Assignment 04 - HPC and ML 2

Due Date

March 31, 2023 by 11:59pm.

HPC

Problem 1: Make sure your code is nice

Rewrite the following R functions to make them faster. It is OK (and recommended) to take a look at Stackoverflow and Google

# Total row sums
fun1 <- function(mat) {
  n <- nrow(mat)
  ans <- double(n) 
  for (i in 1:n) {
    ans[i] <- sum(mat[i, ])
  }
  ans
}

fun1alt <- function(mat) {
  # YOUR CODE HERE
}

# Cumulative sum by row
fun2 <- function(mat) {
  n <- nrow(mat)
  k <- ncol(mat)
  ans <- mat
  for (i in 1:n) {
    for (j in 2:k) {
      ans[i,j] <- mat[i, j] + ans[i, j - 1]
    }
  }
  ans
}

fun2alt <- function(mat) {
  # YOUR CODE HERE
}


# Use the data with this code
set.seed(2315)
dat <- matrix(rnorm(200 * 100), nrow = 200)

# Test for the first
microbenchmark::microbenchmark(
  fun1(dat),
  fun1alt(dat), unit = "relative", check = "equivalent"
)

# Test for the second
microbenchmark::microbenchmark(
  fun2(dat),
  fun2alt(dat), unit = "relative", check = "equivalent"
)

The last argument, check = “equivalent”, is included to make sure that the functions return the same result.

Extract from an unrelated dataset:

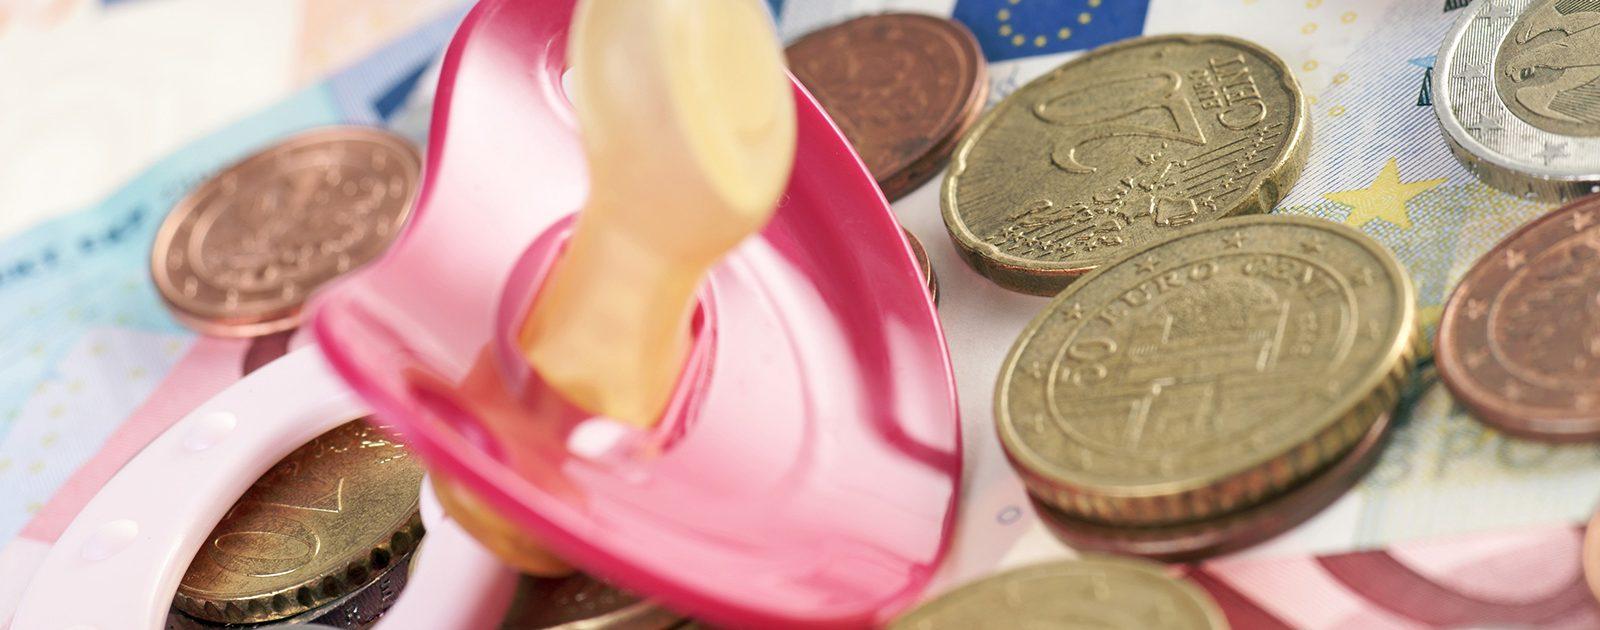 Familien bekommen für ihr Neugeborenes Elterngeld

Problem 2: Make things run faster with parallel computing

The following function allows simulating PI

sim_pi <- function(n = 1000, i = NULL) {
  p <- matrix(runif(n*2), ncol = 2)
  mean(rowSums(p^2) < 1) * 4
}

# Here is an example of the run
set.seed(156)
sim_pi(1000) # 3.132

In order to get accurate estimates, we can run this function multiple times, with the following code:

# This runs the simulation a 4,000 times, each with 10,000 points
set.seed(1231)
system.time({
  ans <- unlist(lapply(1:4000, sim_pi, n = 10000))
  print(mean(ans))
})

Rewrite the previous code using parLapply() to make it run faster. Make sure you set the seed using clusterSetRNGStream():

# YOUR CODE HERE
system.time({
  # YOUR CODE HERE
  ans <- # YOUR CODE HERE
  print(mean(ans))
  # YOUR CODE HERE
})

ML

For this question we will use the hitters dataset, which consists of data for 332 major league baseball players. The data are here https://github.com/JSC370/jsc370-2023/tree/main/data/hitters.csv. The main goal is to predict players’ salaries (variable Salary) based on the features in the data. To do so you will replicate many of the concepts in labs 11 and 12 (trees, bagging, random forest, boosting and xgboost). Please split the data into training and testing sets (70-30) for all questions.

Fit a regression tree to predict Salary, and appropriately prune it based on the optimal complexity parameter.
Predict Salary using bagging, construct a variable importance plot.
Repeat 2. using random forest.
Perform boosting with 1,000 trees for a range of values of the shrinkage parameter \(\lambda\). Produce a plot with different shrinkage values on the x-axis and corresponding training set MSE on the y-axis. Construct a variable importance plot.
Repeat 4. using XGBoost (set up as a grid search on eta, can also grid search on other parameters).
Calculate the test MSE for each method and compare.